Improved Activation Clipping for Universal Backdoor Mitigation and Test-Time Detection
This work addresses backdoor vulnerabilities in neural networks, offering a post-training mitigation and detection method that is incremental but effective for security applications.
The paper tackles the problem of backdoor attacks in deep neural networks by proposing an improved activation clipping method that limits classification margins, achieving superior performance on CIFAR-10 image classification with strong robustness against adaptive attacks and across datasets.

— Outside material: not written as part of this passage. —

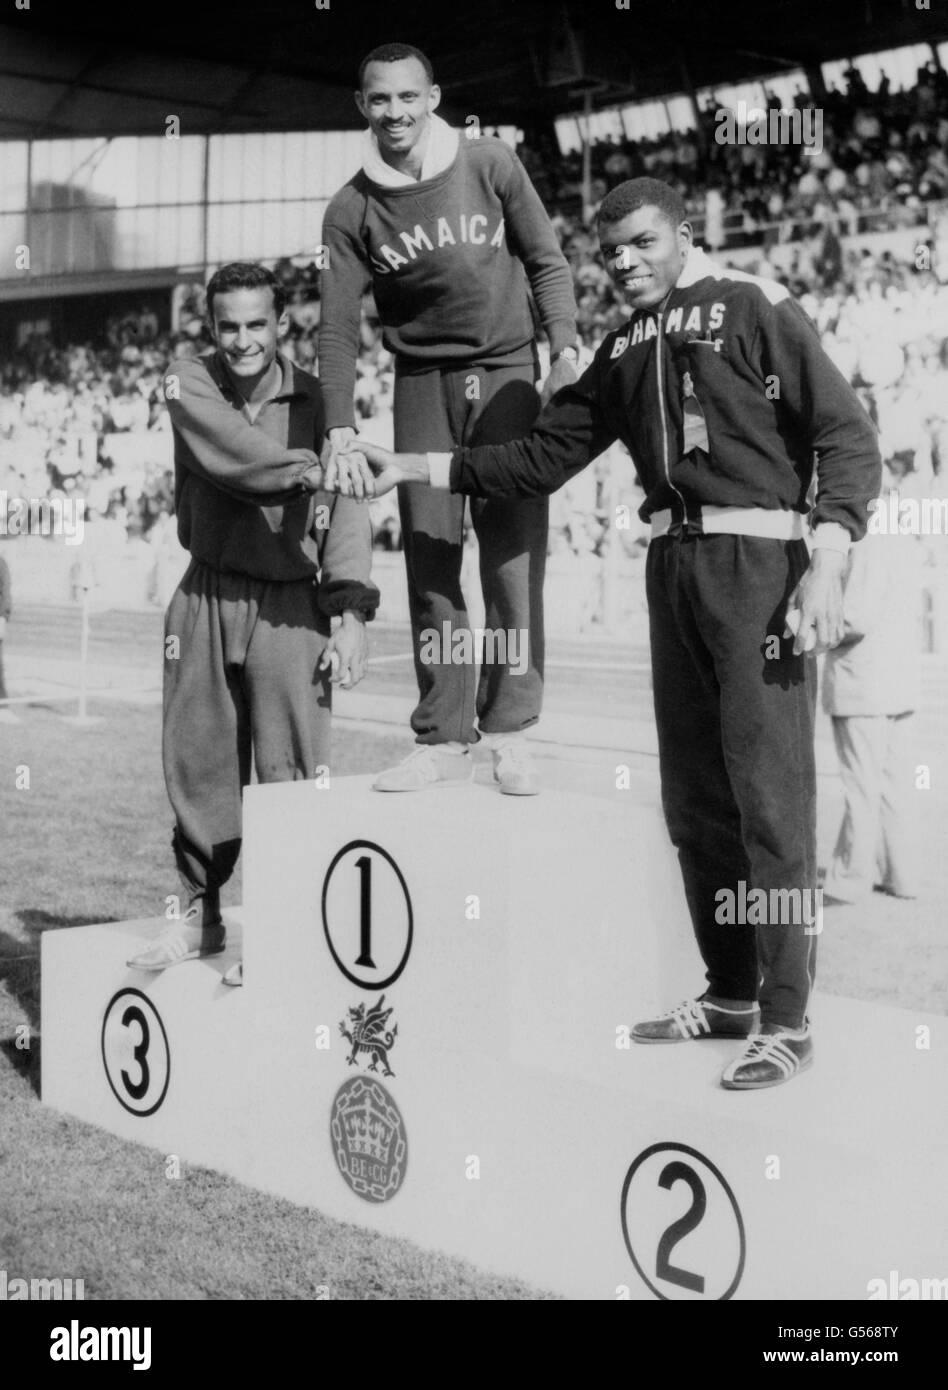 Jamaikas Keith Gardner (c) auf dem Podium, bereit, eine Goldmedaille für den Sieg im 100-Meter-Finale der Männer in einer Rekordzeit von 9.79 zu erhalten. Tom Robinson von den Bahamas (rechts) wurde Zweiter, Mike Agostini aus Kanada (links) wurde Dritter. Stockfoto
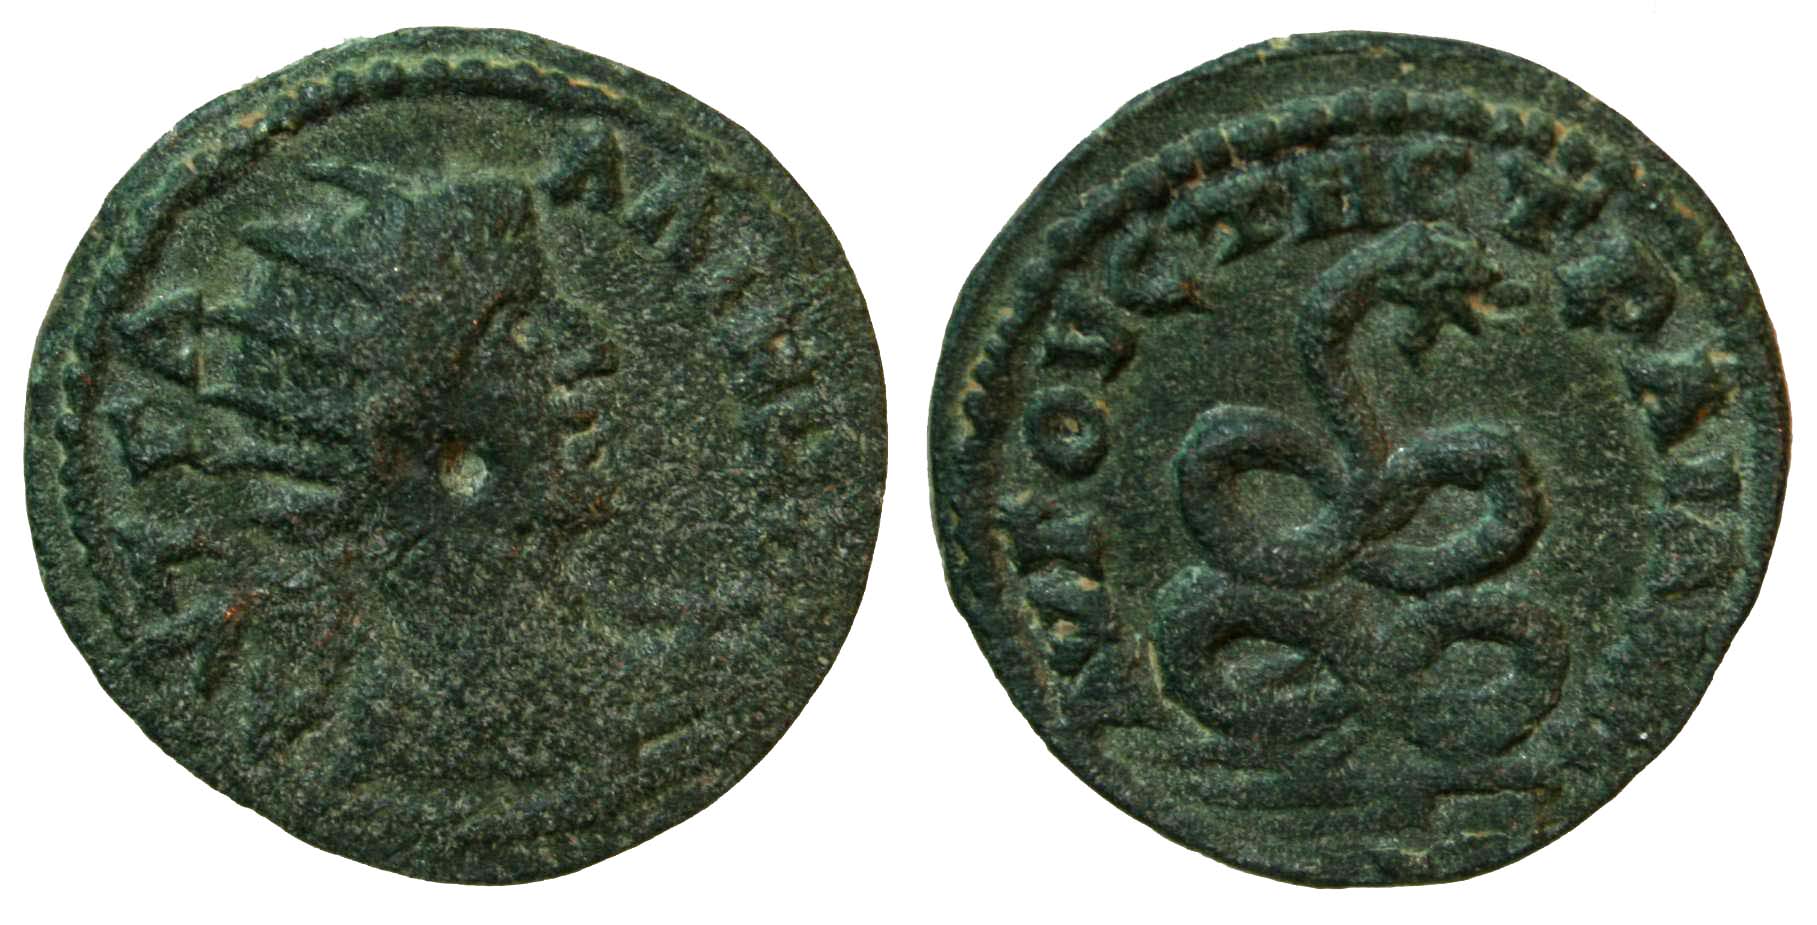 4729 Augusta Traiana Thracia Gallienus AE

Deep neural networks are vulnerable to backdoor attacks (Trojans), where an attacker poisons the training set with backdoor triggers so that the neural network learns to classify test-time triggers to the attacker's designated target class. Recent work shows that backdoor poisoning induces over-fitting (abnormally large activations) in the attacked model, which motivates a general, post-training clipping method for backdoor mitigation, i.e., with bounds on internal-layer activations learned using a small set of clean samples. We devise a new such approach, choosing the activation bounds to explicitly limit classification margins. This method gives superior performance against peer methods for CIFAR-10 image classification. We also show that this method has strong robustness against adaptive attacks, X2X attacks, and on different datasets. Finally, we demonstrate a method extension for test-time detection and correction based on the output differences between the original and activation-bounded networks. The code of our method is online available.